The slumbering 2019 market sent the asking price down twice, cratering at $1.6 million in March 2020 when the real estate market came to a halt as the COVID-19 pandemic erupted.

She took it off the market later in the spring, but put it back up for sale in August for $2.2 million as high-earning New York City residents rediscovered the suburbs in COVID-19 times.

The Post reported the sale on Page SIx on Sunday.

The Post headline, however, deserved a tweak. The Post story said the Lee and Cuomo once shared 4 Bittersweet Lane. They continue to share it, though Lee has moved to California, where the Post noted she had recently purchased a waterfront home in Malibu.

Cuomo, however, has maintained his official residence in her home, 13 months after the couple announced their amicable split.

Cuomo remains enrolled as a New Castle voter. State Police have continued to guard 4 Bittersweet Lane, which Cuomo has said he stays at occasionally while working downstate.

Cuomo senior advisor Rich Azzopardi did not respond to questions regarding where Cuomo intends to move,or what might be done to bring tax equity to municipalities like New Castle that have not revalued their real estate in decades.

How Lee benefits from lax state law
The sales price at 4 Bittersweet Lane opens a window on New York’s unfair property-assessment system, which does not require municipalities to periodically update their assessment rolls, as occurs in 31 other states, including the neighboring states of Connecticut and Massachusetts.

New York Governor Andrew Cuomo and girlfriend Sandra Lee take a selfie with a voter as they prepare to vote at the Presbyterian Church of Mount Kisco, Nov. 6, 2018.

New York Governor Andrew Cuomo and girlfriend Sandra Lee take a selfie with a voter as they prepare to vote at the Presbyterian Church of Mount Kisco, Nov. 6, 2018.
It’s a boon to high-end homeowners like Lee, as what you pay in property taxes has an impact on how much someone will spend for a home.

Municipalities in Westchester and Suffolk counties have the worst record for updated assessment rolls, according to state data.
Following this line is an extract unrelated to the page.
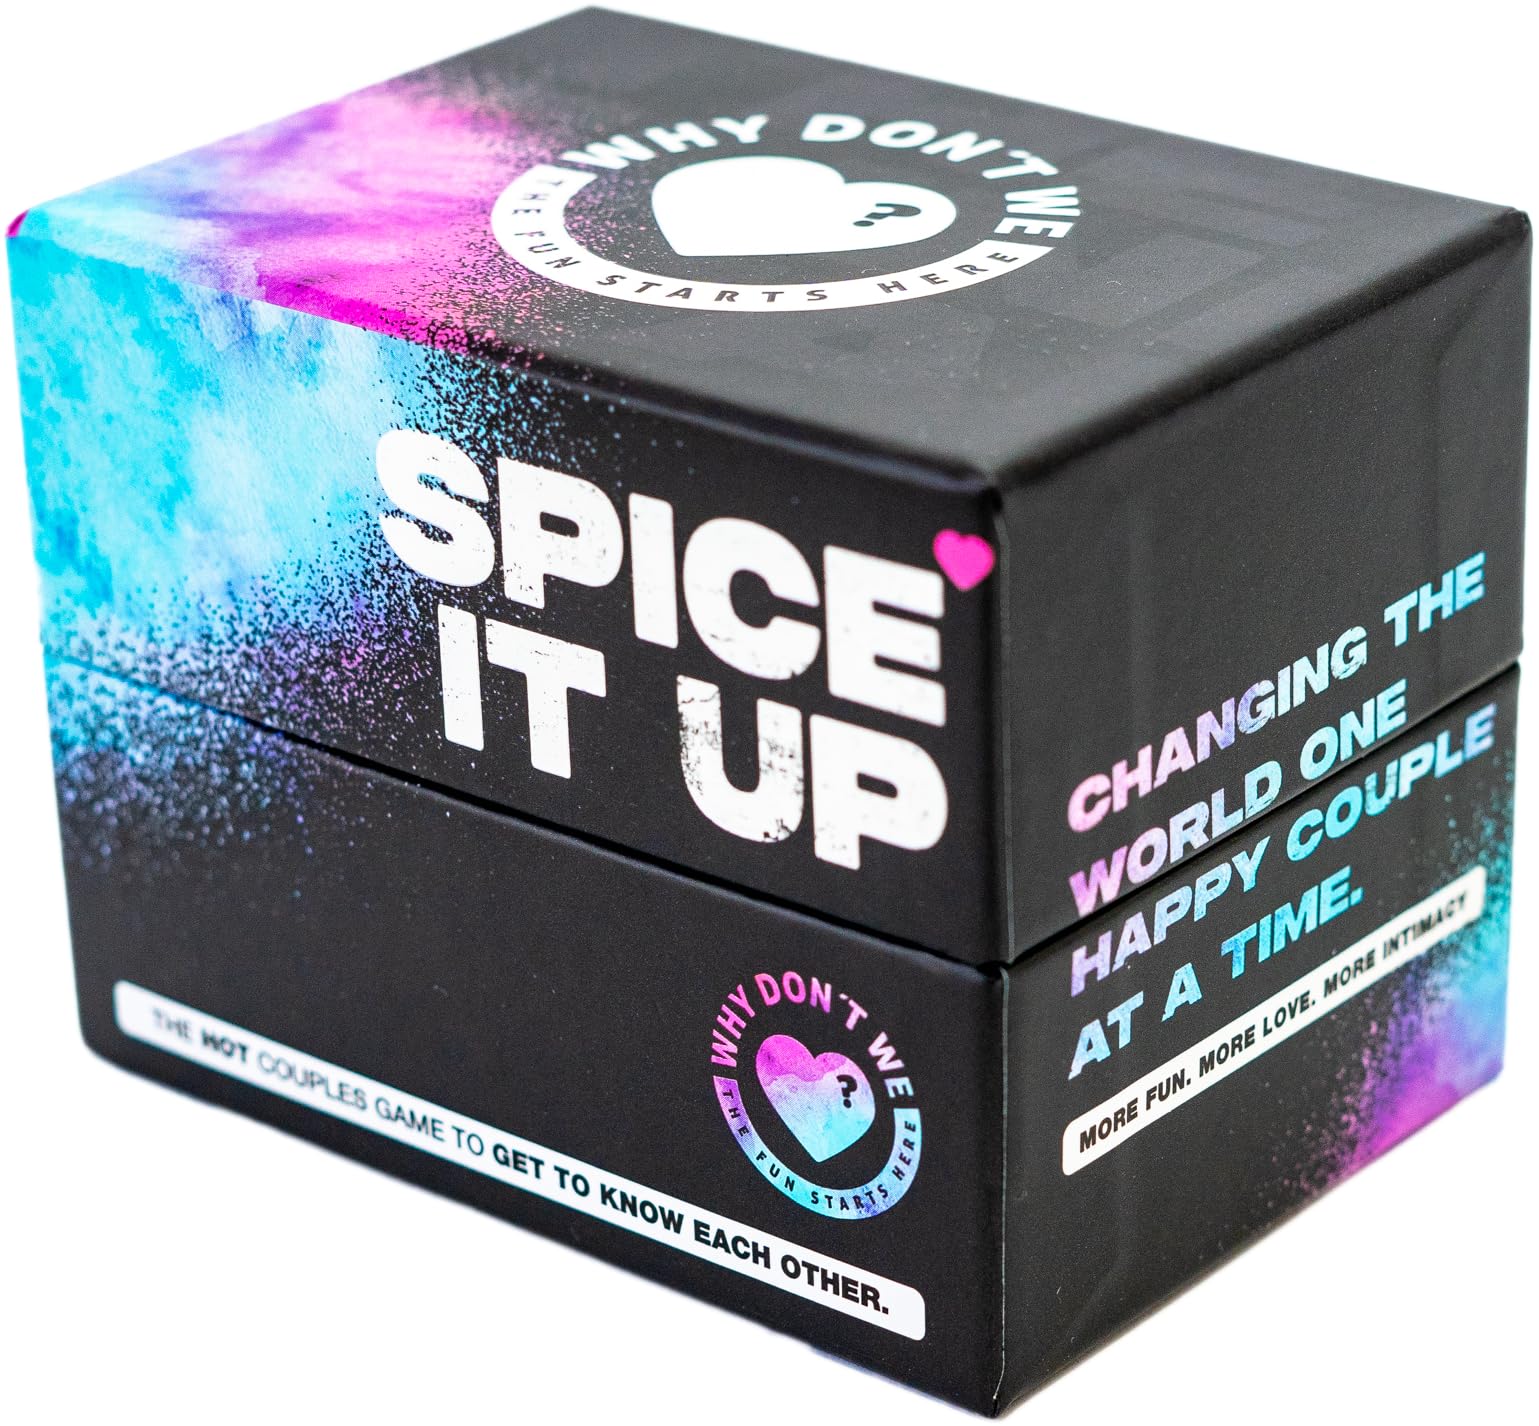 Spice IT UP by Why Don’t We. Spicy Couples Games for Adults with 150 Cards with Conversations, Spicy Dares & More - Best Date Night Games for Couples - Romantic Adult Couple Games
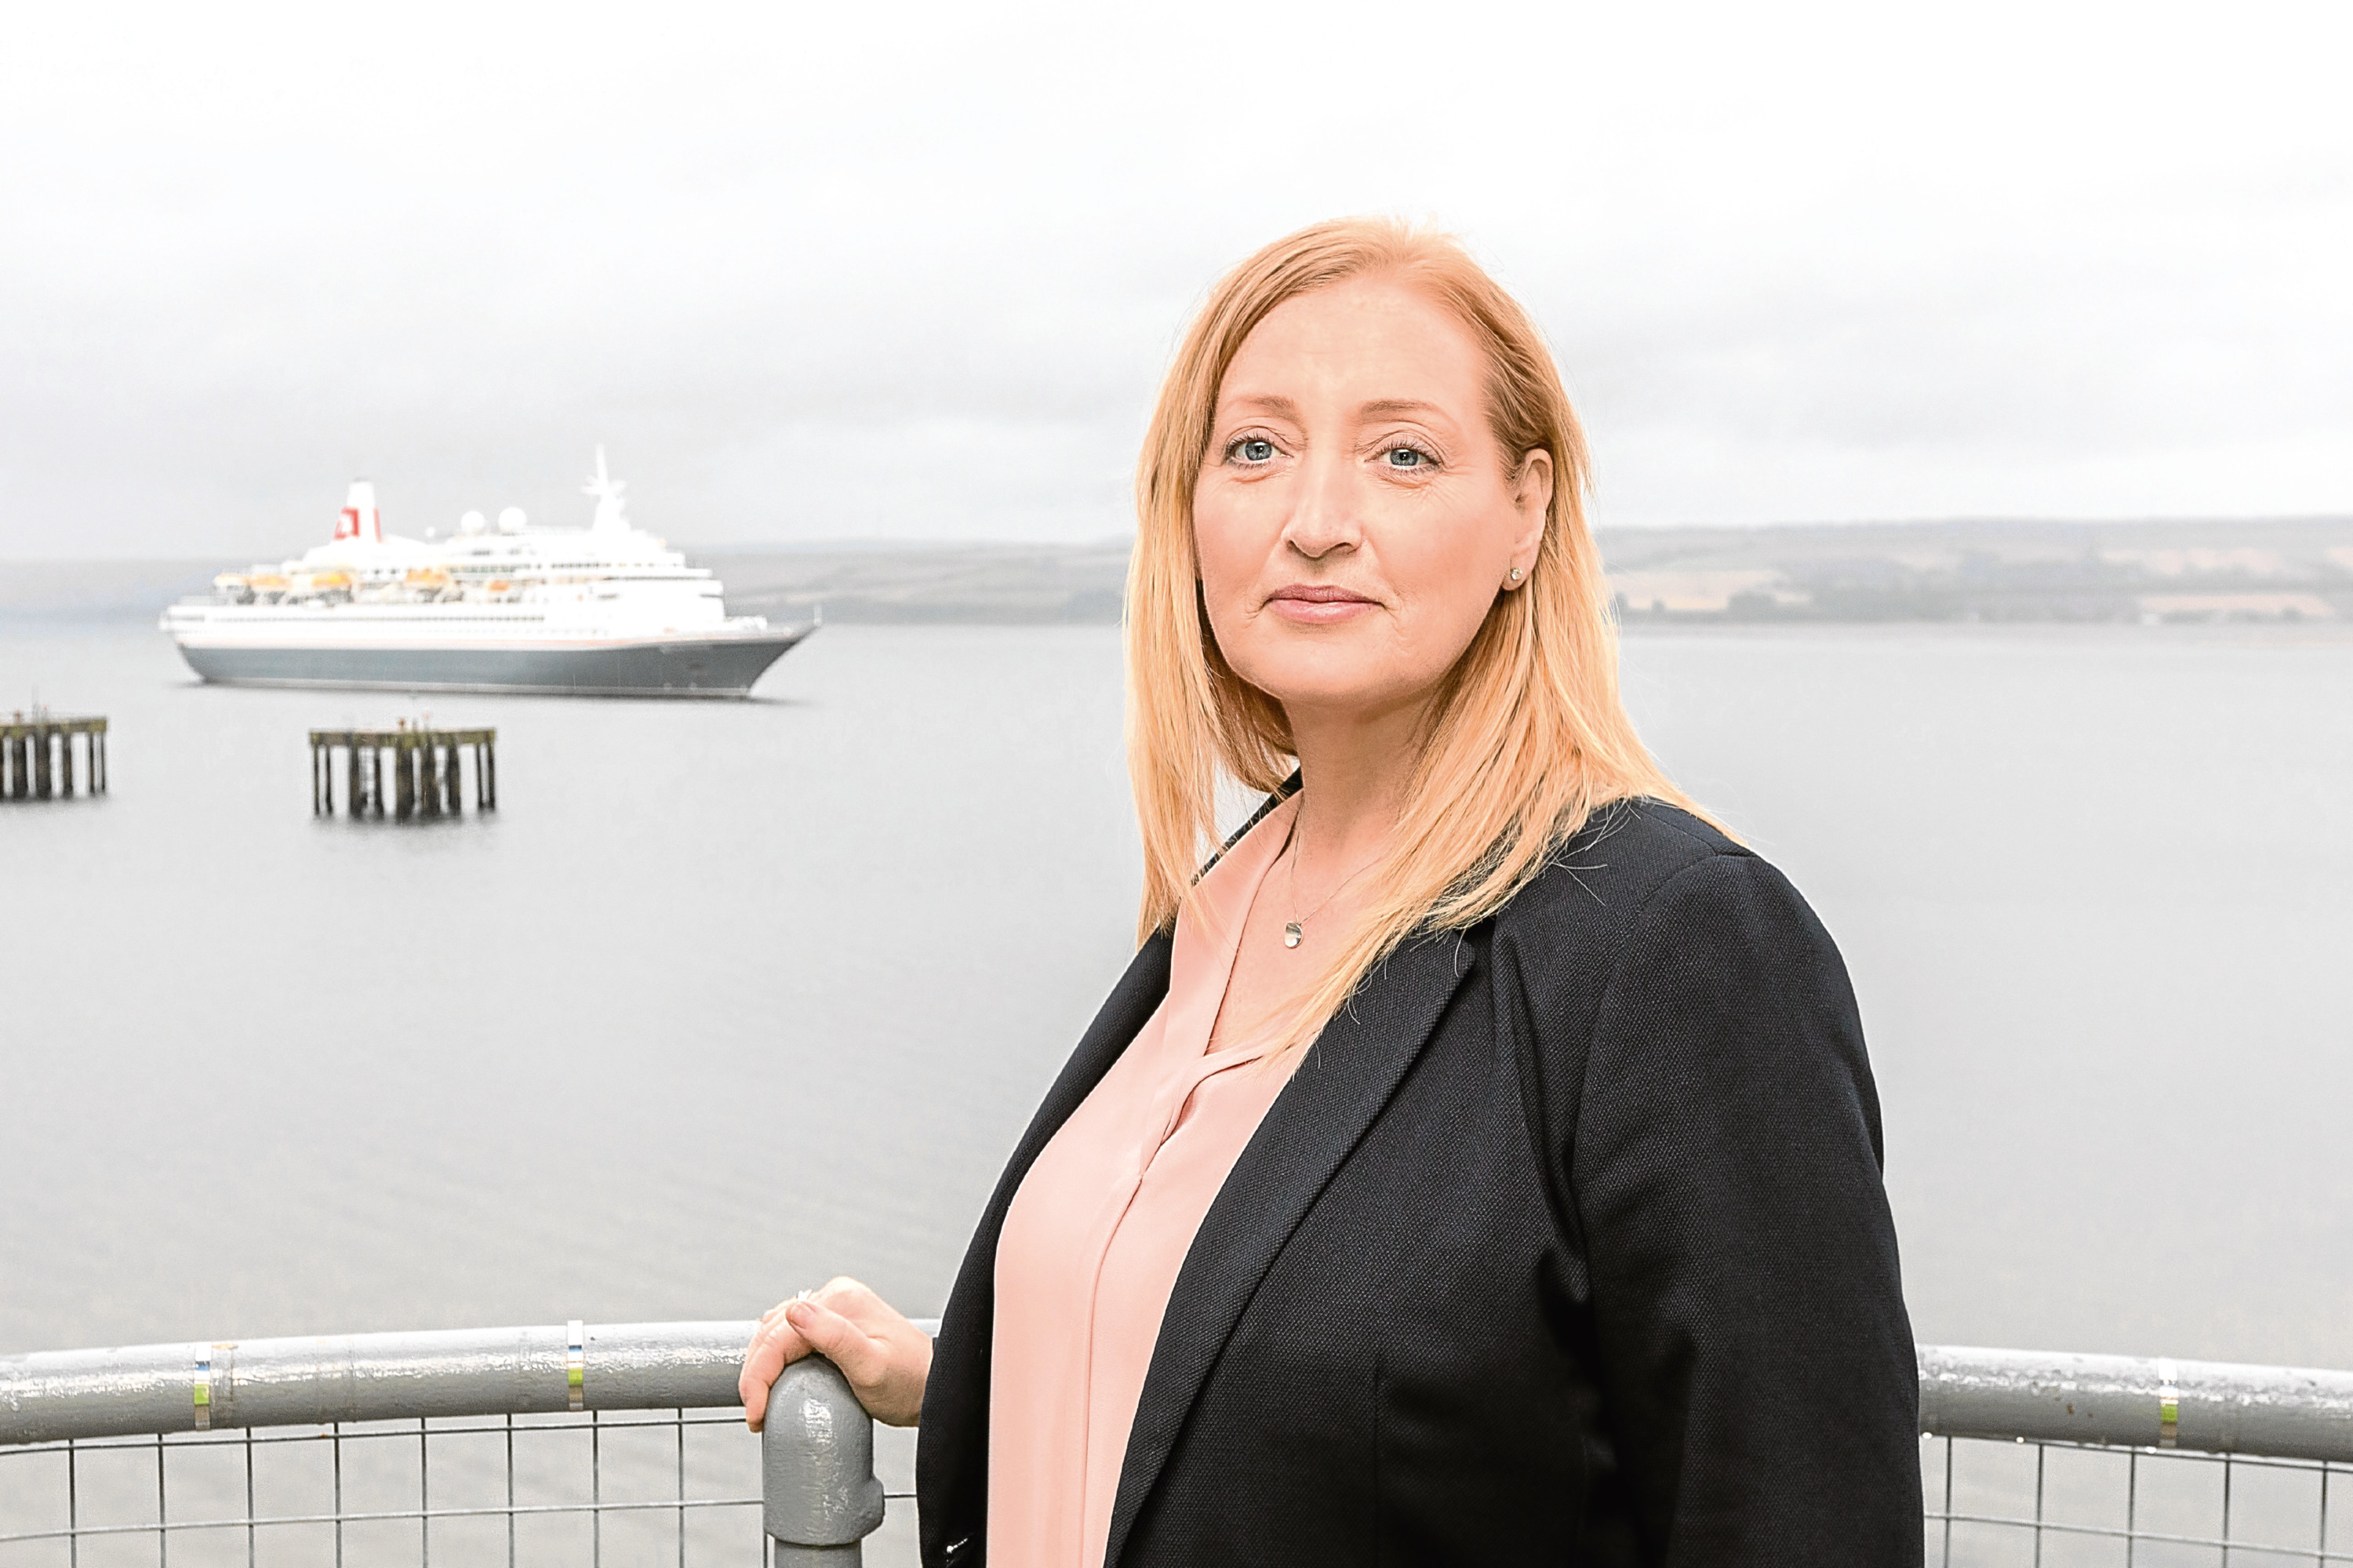 According to the Port of Cromarty Firth (PCF), which is responsible for the liner business in the area, an estimated total of 170,000 passengers will bring a £17million boost to the Highland economy.

Though the open market will set the fair market value at 4 Bittersweet Lane at $1.85 million, the town of New Castle values it at just $1.3 million, with the sale 39% more than its taxable value. Lee pays about $38,000 in property taxes. If the house was valued for $1.85 million, the property taxes would be about $51,000.

Under state law, assessors can only increase as assessment to reflect a recent if they conduct a town-wide revaluation. But New Castle has not done so for 42 years.

Instead, the municipality uses what’s called the “equalization rate,” an imperfect formula that calculates a home’s taxable value as a percentage of its outdated assessment. The rate is based on a survey of recent sales in the town.

New Castle homes are assessed at 19% of their purported fair market value.

New York Gov. Andrew Cuomo drives a 1932 Packard as his girlfriend, TV chef Sandra Lee, blows a kiss as they cross the Gov. Mario M. Cuomo Bridge, Friday, Sept. 7, 2018, in Nyack, N.Y. Cuomo officially opened the second span of the new Hudson River Bridge that bears his father's name. (AP Photo/Mark Lennihan)

The equalization rates tends to undervalue high-end homes, according to Tax Watch review of recent revaluations in Scarsdale, Mamaroneck, and Ossining.

A year ago, New Castle Supervisor Ivy Pool said the time wasn’t right to conduct a revaluation because such an undertaking to bring equity to the town would create “unwelcome stress” to homeowners already struggling with a volatile housing market and the federal cap on deductions for property tax payments.

I posed the question to all five New Castle town board members on Monday in email messages. None responded. Deputy Supervisor Jeremy Saland declined comment when reached by phone.

Officials in Westchester towns that have not conducted assessments in decades say it’s a strategy to artificially depress the taxable value of property in the municipality, so their share of county taxes would be lower. That means property owners in municipalities that have up-to-date assessments end up subsidizing municipalities like New Castle, which have not.

And that makes the lucky buyer of 4 Bittersweet Lane even luckier.